Apart from the pictures, reproduce the data below exactly as it stands.

→ **Given data**:
§

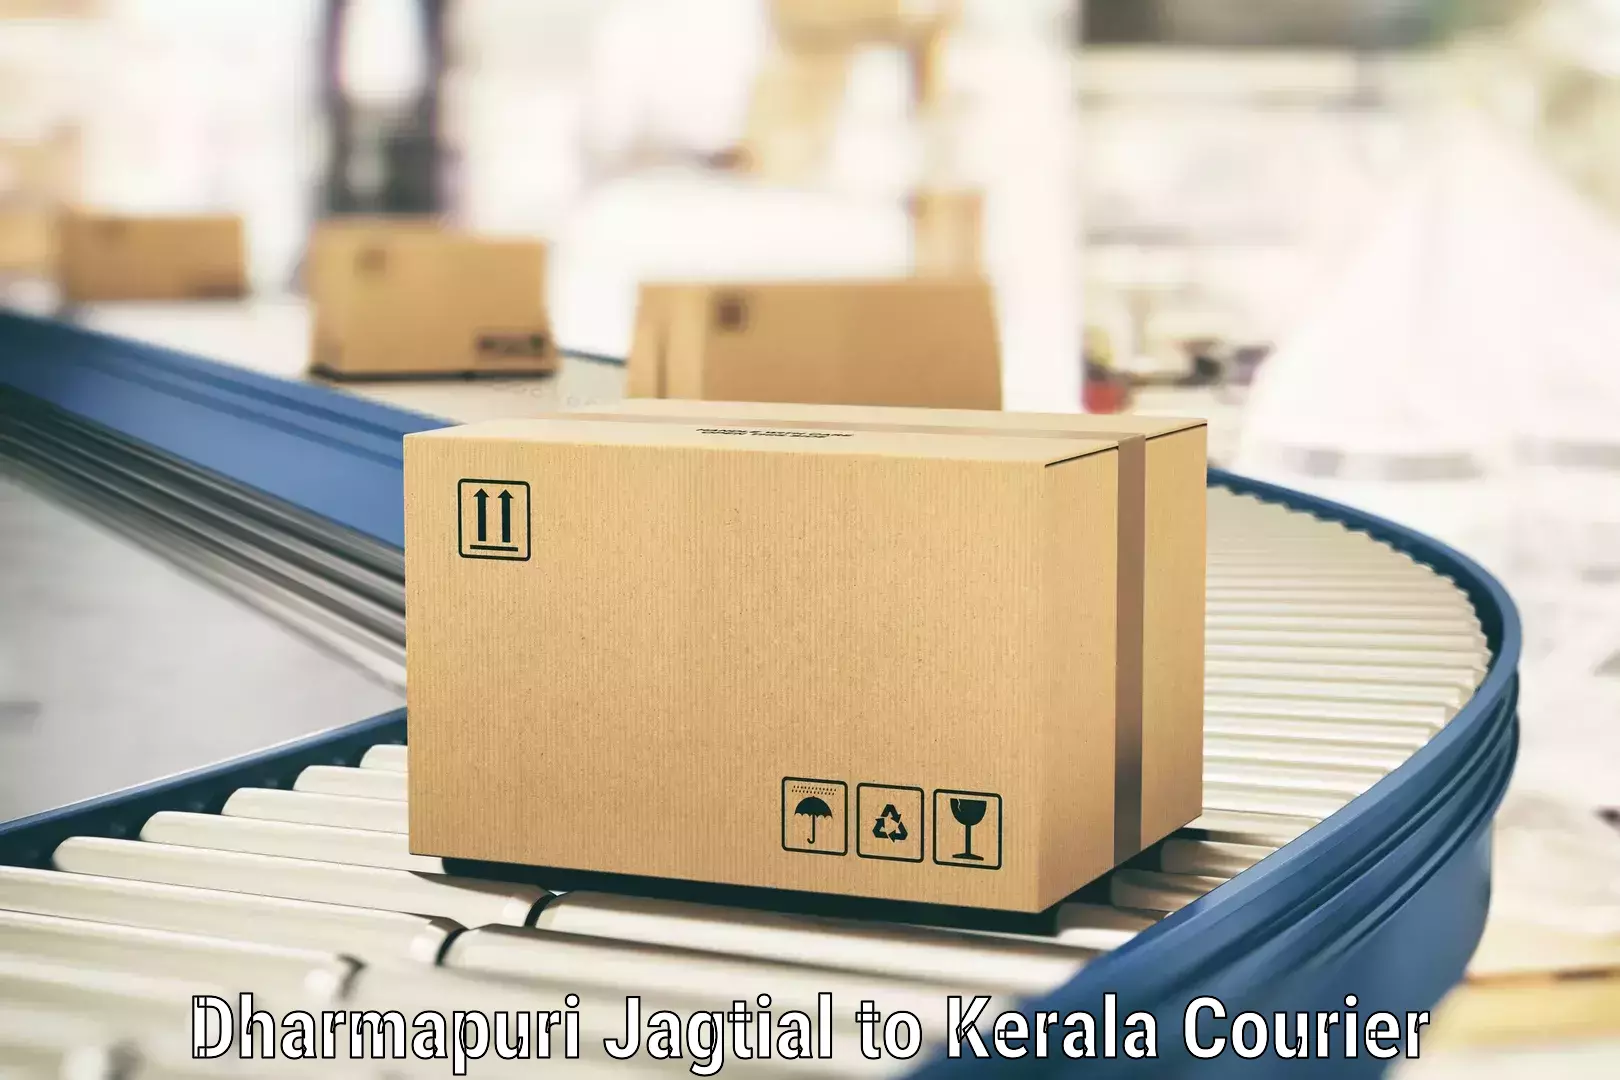 High value parcel delivery in Dharmapuri Jagtial to Kothanalloor
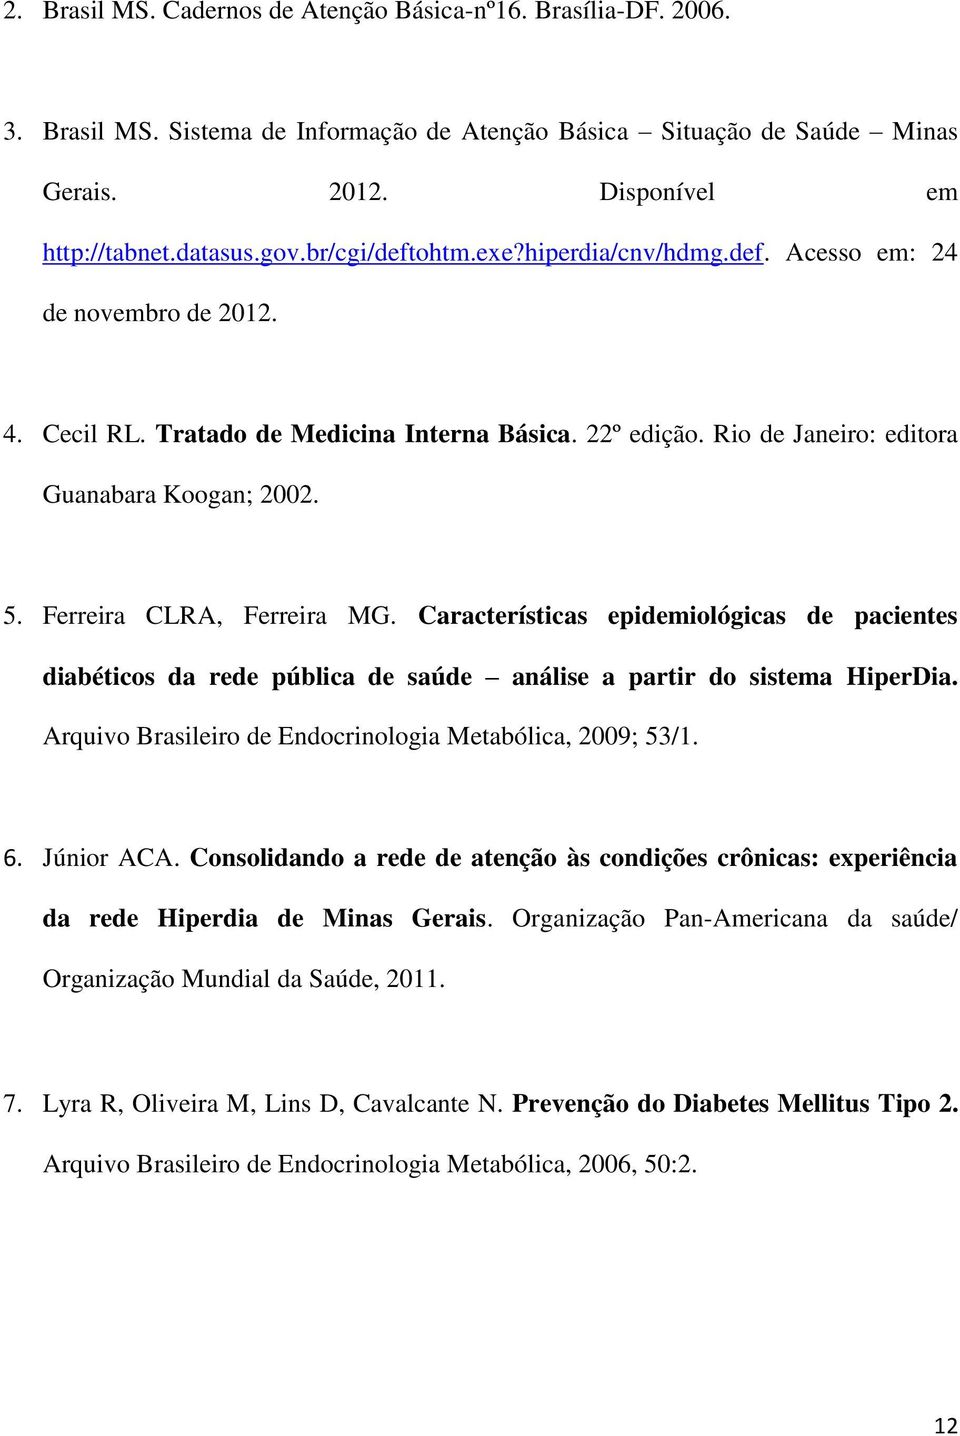 Ferreira CLRA, Ferreira MG. Características epidemiológicas de pacientes diabéticos da rede pública de saúde análise a partir do sistema HiperDia.
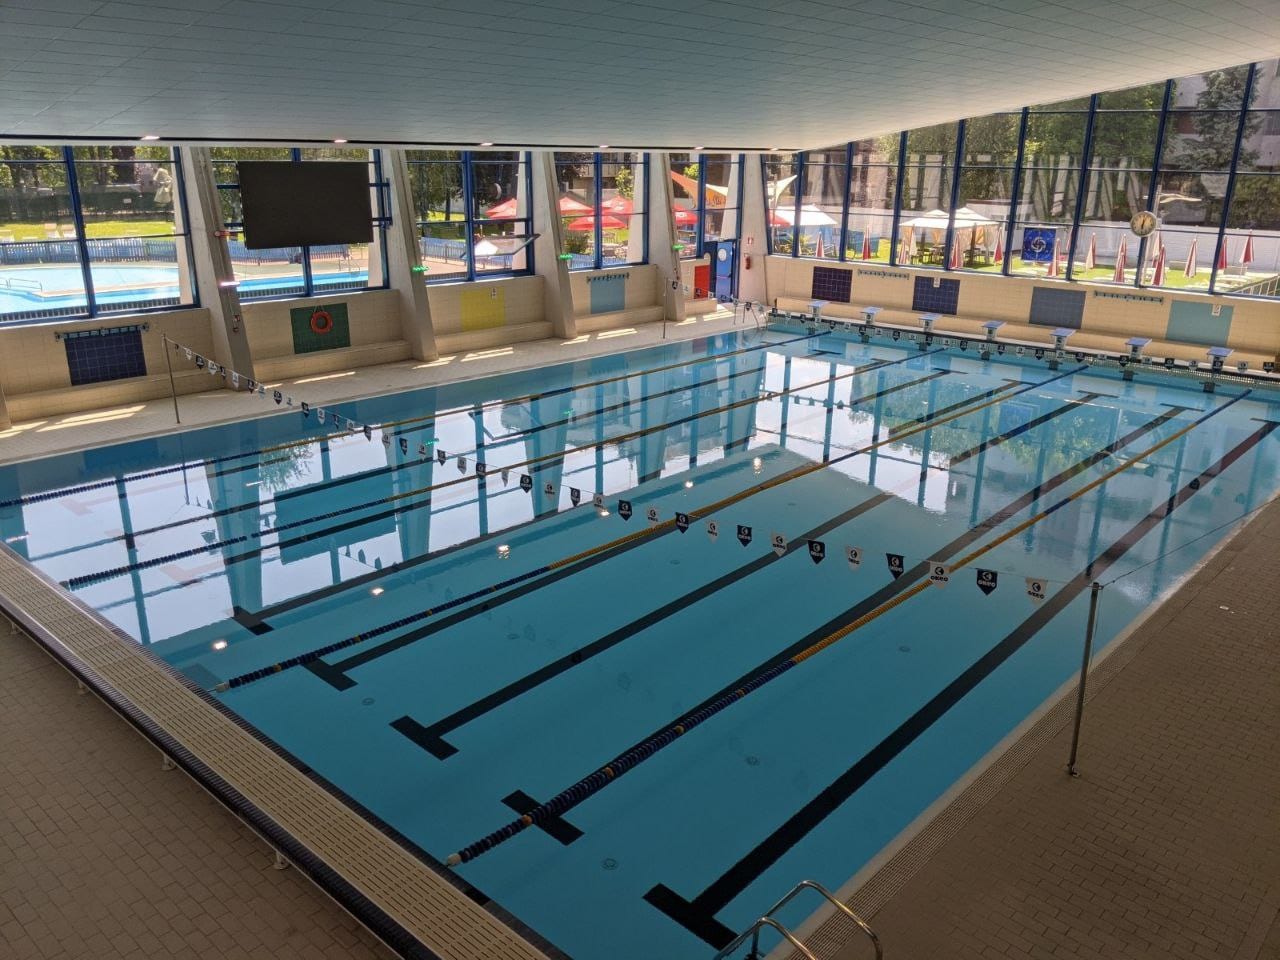 A Saronno torna “Sport si può” con i corsi in piscina per gli alunni disabili

§

→ **Reply to the exercise**:
 High value parcel delivery in Dharmapuri Jagtial to Kothanalloor
 Ferreira CLRA, Ferreira MG. Características epidemiológicas de pacientes diabéticos da rede pública de saúde análise a partir do sistema HiperDia.
 A Saronno torna “Sport si può” con i corsi in piscina per gli alunni disabili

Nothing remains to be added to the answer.